We next examined the 3D morphology changes in the canal network in the cranial and caudal endplates across different ages. As observed in Fig. 5A, the canals were not visible in the endplate in young 15-day-old mice, but they could be detected in 4-month-old mice. In comparison to the cranial endplate, no canals were observed in the anterior region of the caudal endplate. This finding is likely due to the difference in mechanical force bearing between these two endplates. Based on morphology parameter calculations, the canals in the cranial endplate have a larger diameter and fraction in the anterior and posterior regions compared to those in the center region (anterior vs center region, P = 0.0012; posterior vs center region, P = 0.0024). The distribution of the canal connectivity was, however, the reverse in the cranial endplate, with greater connectivity in the center compared to the anterior and posterior regions (center vs anterior region, P = 0.001; center vs posterior region, P = 0.004). In the caudal canal, a higher canal diameter, fraction and connectivity were found in the posterior regions in comparison to the center and anterior regions (posterior vs center region, P = 0.007; posterior vs anterior region, P = 0.0056). After aging, the canal in the center of the cranial endplate and caudal endplate disappeared, indicating that the endplate was undergoing calcification, which is consistent with the corresponding representative histological image (Fig. 5B). The morphological parameters of the canals measured in both the cranial and caudal endplates were significantly decreased in 24-month-old mice compared to 4-month-old mice (Fig. 5C).

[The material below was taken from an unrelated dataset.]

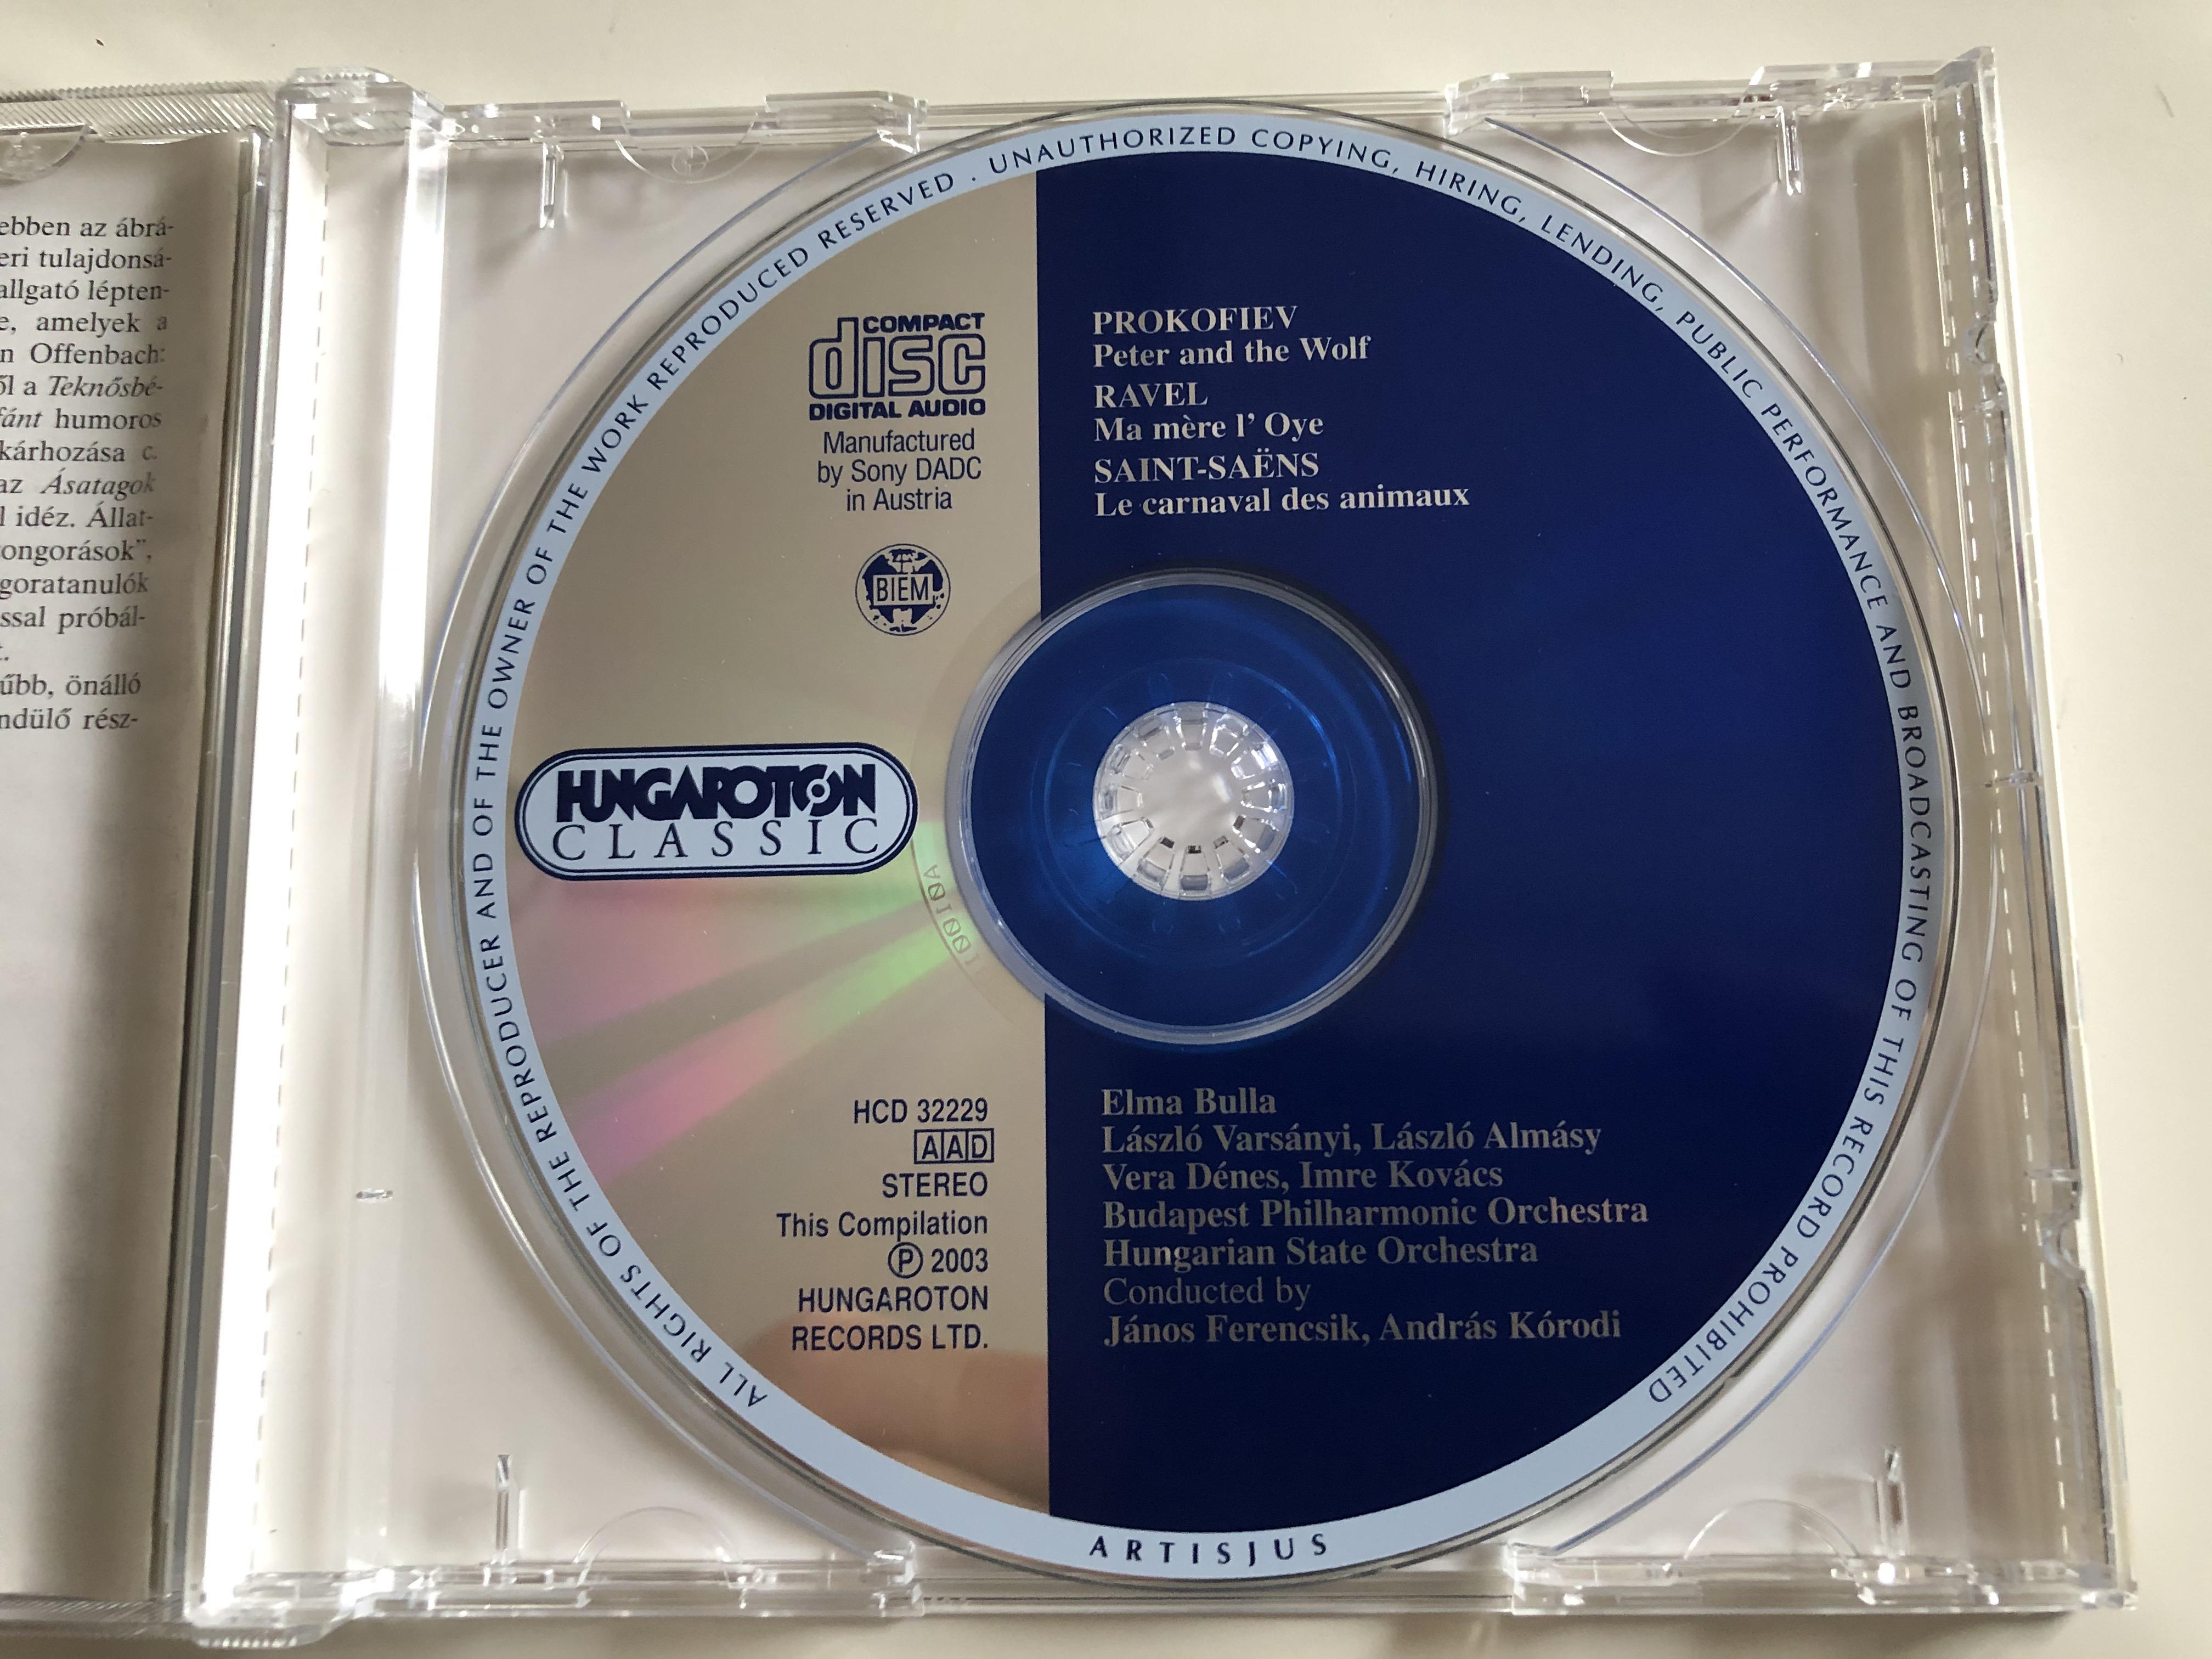 prokofiev-peter-and-the-wolf-saint-sa-ns-la-carnaval-des-animaux-ravel-ma-m-re-l-oye-hungaroton-classic-audio-cd-2003-stereo-hcd-32229-7-.jpg

Figure 5: 3D digitalized map quantitative information of the canal network for various ages.
figure 5

(A) Lateral view of 3D image of the canal network in the endplate after aging obtained using PPCST with the cranial and caudal endplates separately displayed. The endplate was divided into three different regions, anterior, center and posterior. (B) Representative image of the corresponding histology sections of the cranial and caudal endplates for various ages. (C) Quantitative analysis of the morphological parameters in the cranial and caudal endplates in three regions after aging. Scale bar = 1 mm; A = anterior; C = center; P = posterior. Data are the means ± S.D., n = 8 mice in each group. In panel (B), a indicates a significant difference between the posterior region and the center region, and b indicates a significant difference between the posterior region and the anterior region (p < 0.05, determined by two-way repeated measures ANOVA with Bonferroni’s post hoc test).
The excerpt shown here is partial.